他にも、主に旧暦2月に行われる「シマクサラシ」という行事は、集落に疫病やヤナムン、マジムン、魑魅魍魎といった悪いもの入らないように、アッチの世界とこっちの世界とに境界線を引く行事である。
都市部では行われないが牛や豚、ヤギや鶏などの生贄の血をススキや木の枝、縄などになすりつけ門や屋敷の四隅に差し、集落への出入り口には贄の骨をぶら下げ、いわば結界を張って悪霊や流行病を集落に入れないフーチゲーシ(悪霊を追い返す)の行事である。

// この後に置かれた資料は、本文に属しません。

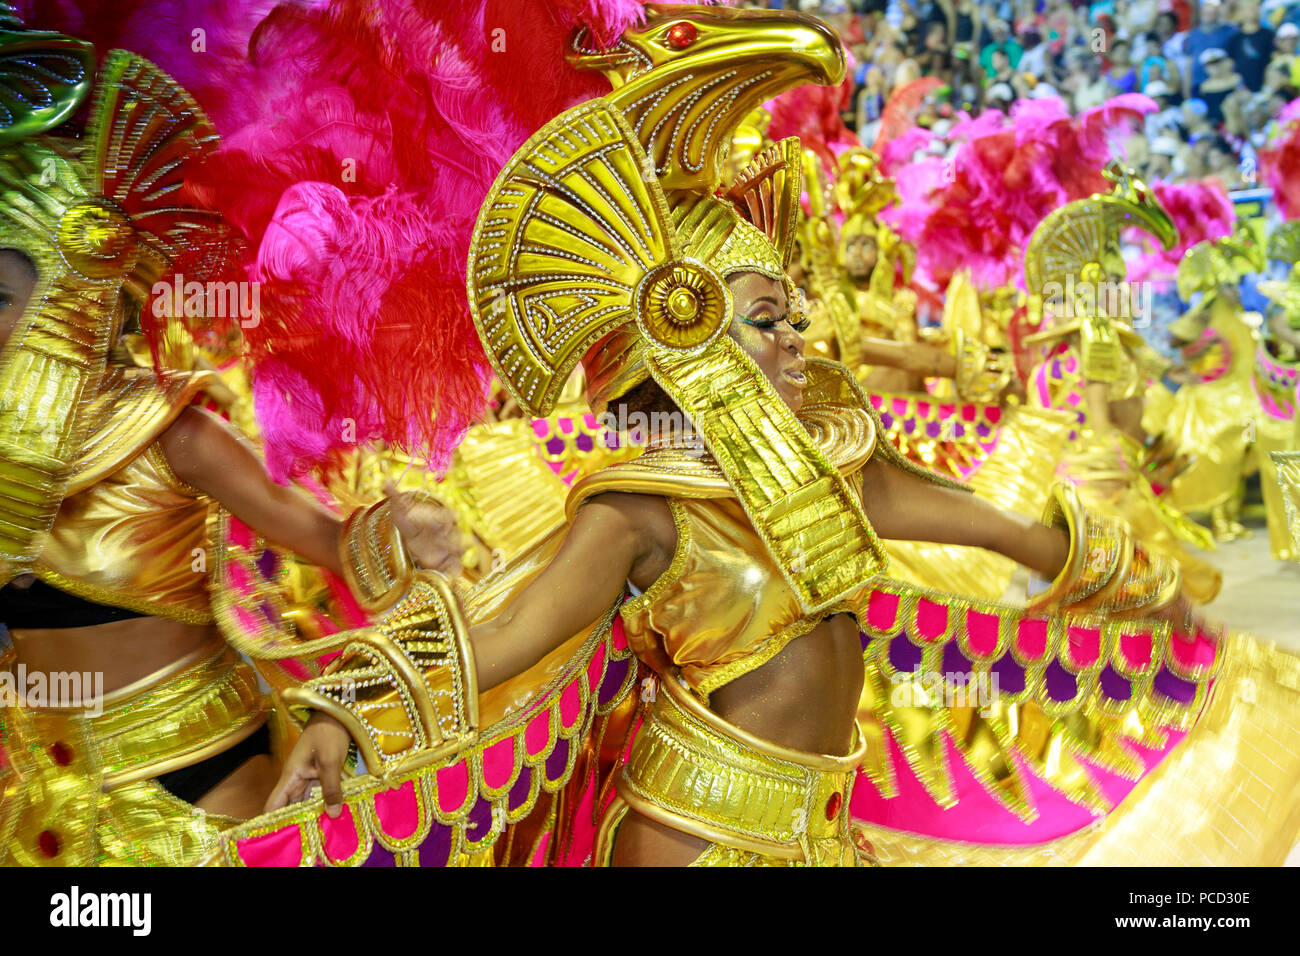 Ballerini di principale Rio de Janeiro sfilata di carnevale in Sambadrome (Sambodromo) arena, Rio de Janeiro, Brasile, Sud America Foto Stock
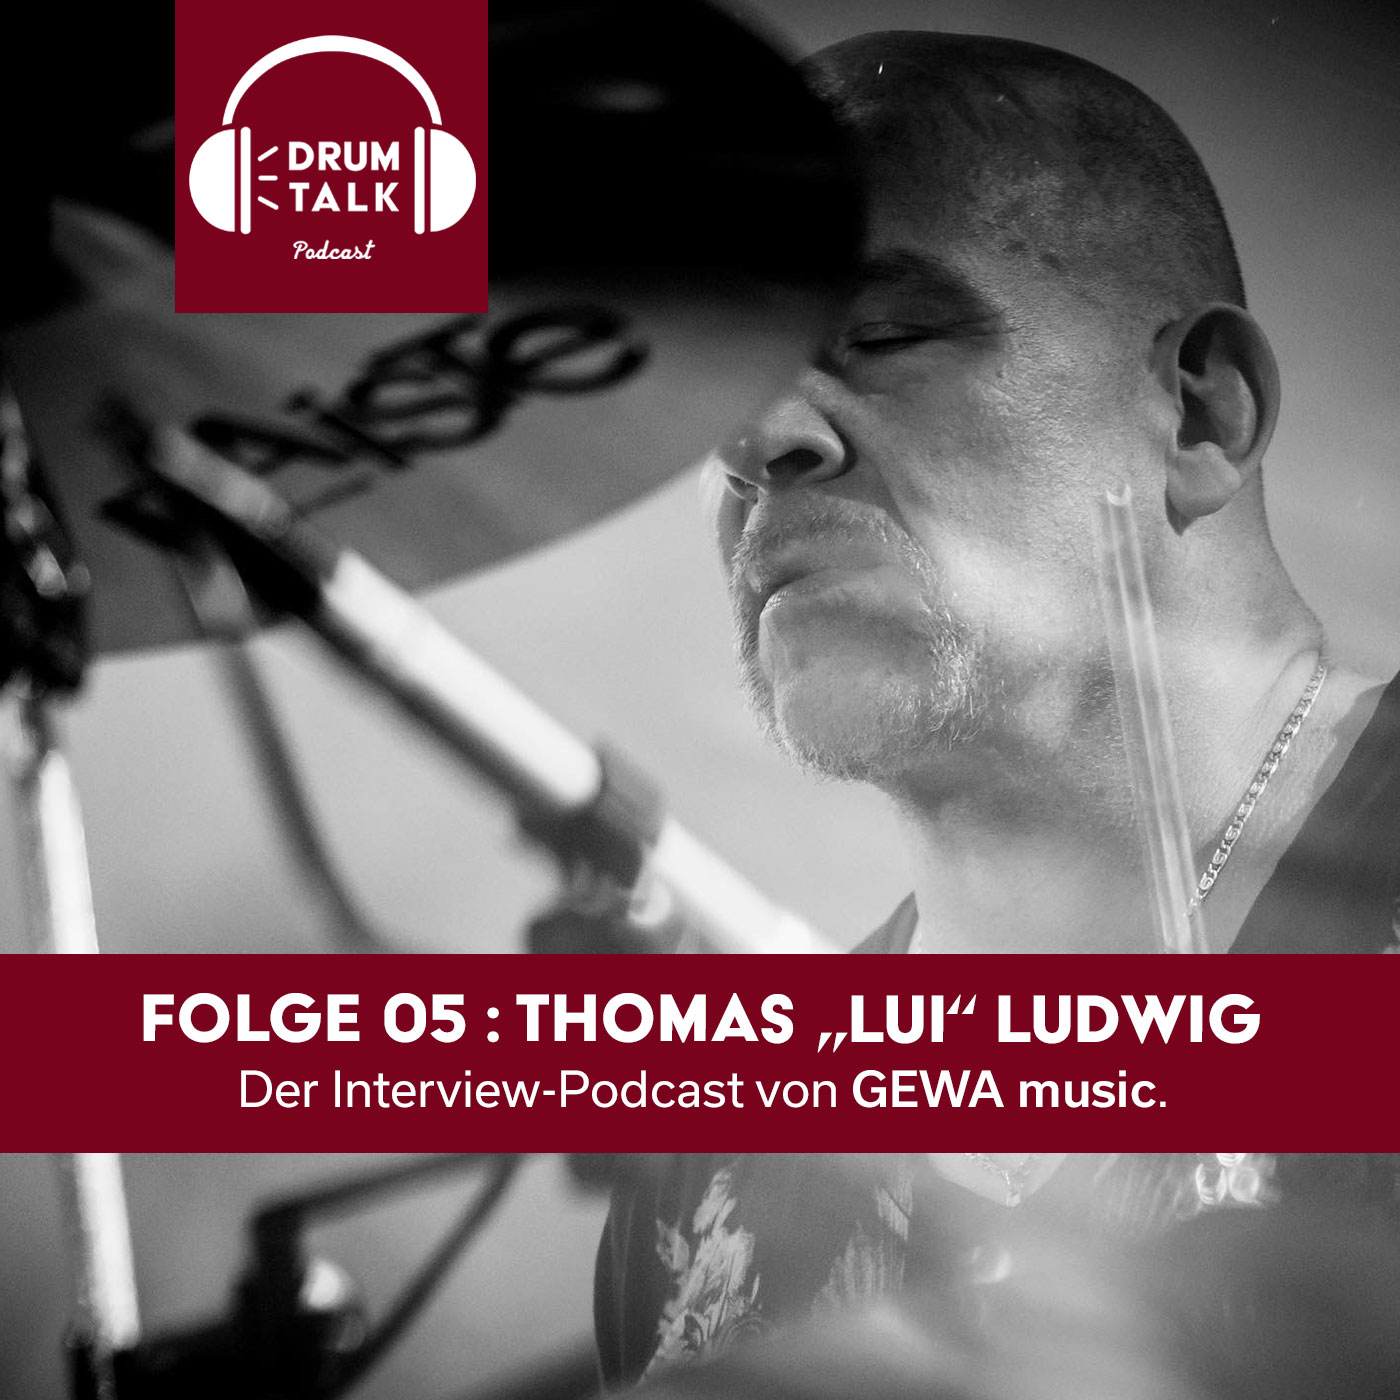 DT5 - Thomas "Luii" Ludwig: Wenn Du Ludwig bist, wer ist dann dieser DeeWee?

アッチとこっちの見えない世界の戦いのとき、やっぱり家庭ではクヮッチーは出ないのである。
そんなわけで、旧暦2月はあまりクヮッチーとは縁がないと思っていたら、ボクがいつも参考にしている渡久地初美著の「沖縄の祭祀と行事料理」を見ていると、旧暦2月ではなく、新暦の3月にクヮッチーを食べる行事、お彼岸があったのである。

考えてみたら毎年、お彼岸になるとウチのカァちゃんとこの母親の実家に親戚が集まり、クヮッチーを食べていたのである。あまり旧暦ばかりとらわれていたから思わず見逃すとこれであった。沖縄のお彼岸は春と秋の年2回あり、春分の日と秋分の日を中心に前後3日間のうちに都合のいい日に各家庭で行われている。本土のようにお寺に行ったりお墓参りをしたりという仏教の行事というより、沖縄固有の祖先崇拝の行事になっている。クヮッチーを仏壇の前に供えて、家族揃ってトートーメー(位牌)にウートートー(祈り)して、それから食事となる。大人はビールや泡盛、子供たちはソフトドリンクなどを好きなものを飲みながら、彼岸のクヮッチーをいただくのである。
彼岸のクヮッチーも各家庭のよってそれぞれ違うが、基本的な昔ながらのクヮッチーはほとんど一緒といえる。その基本的料理というのが、沖縄の行事に欠かせないウサンミ(御三味)と呼ばれる料理である。シーミーや旧盆、旧正月などのメイン料理で、重箱の詰められることから重箱料理とも呼ばれている。内容は魚天ぷら、揚げ豆腐、豚三枚肉の煮しめ、結び煮昆布(または昆布巻き)、ゴボウの煮付け、大根の煮付け、コンニャク炒り煮、赤かまぼこ、カステラかまぼこ、田芋のから揚げのなかから七品か九品が重箱の詰められたり大皿に盛られたりして、トートーメーにウサギラれる(供えられる)のである。
それにしても、子供の頃は行事行事でしょっちゅう出てくるウサンミがイヤでイヤでしょうがなかったけど、結婚して子供が生まれ、親戚付き合いが深まるにつれて、行事のクヮッチー、ウサンミが好きになるのである。子供のころから食べなれているはずなのに、奥深い味わいのあるクヮッチーに、沖縄の行事料理に伝統の力を感じるのであった。
●嘉手川 学の『ryuQ100味』バックナンバー:
http://ryuq100.ti-da.net/c73393.html

筆者プロフィール:嘉手川 学(かでかわまなぶ)
フリーライター、沖縄県那覇市生まれ。沖縄のタウン誌の草分け『月刊おきなわJOHO』の創刊メンバーとして参画。沖縄ネタならなんでもOKで特に食べ物関係に強い。現在も『月刊おきなわJOHO』で食べ物コーナーを15年以上掲載中。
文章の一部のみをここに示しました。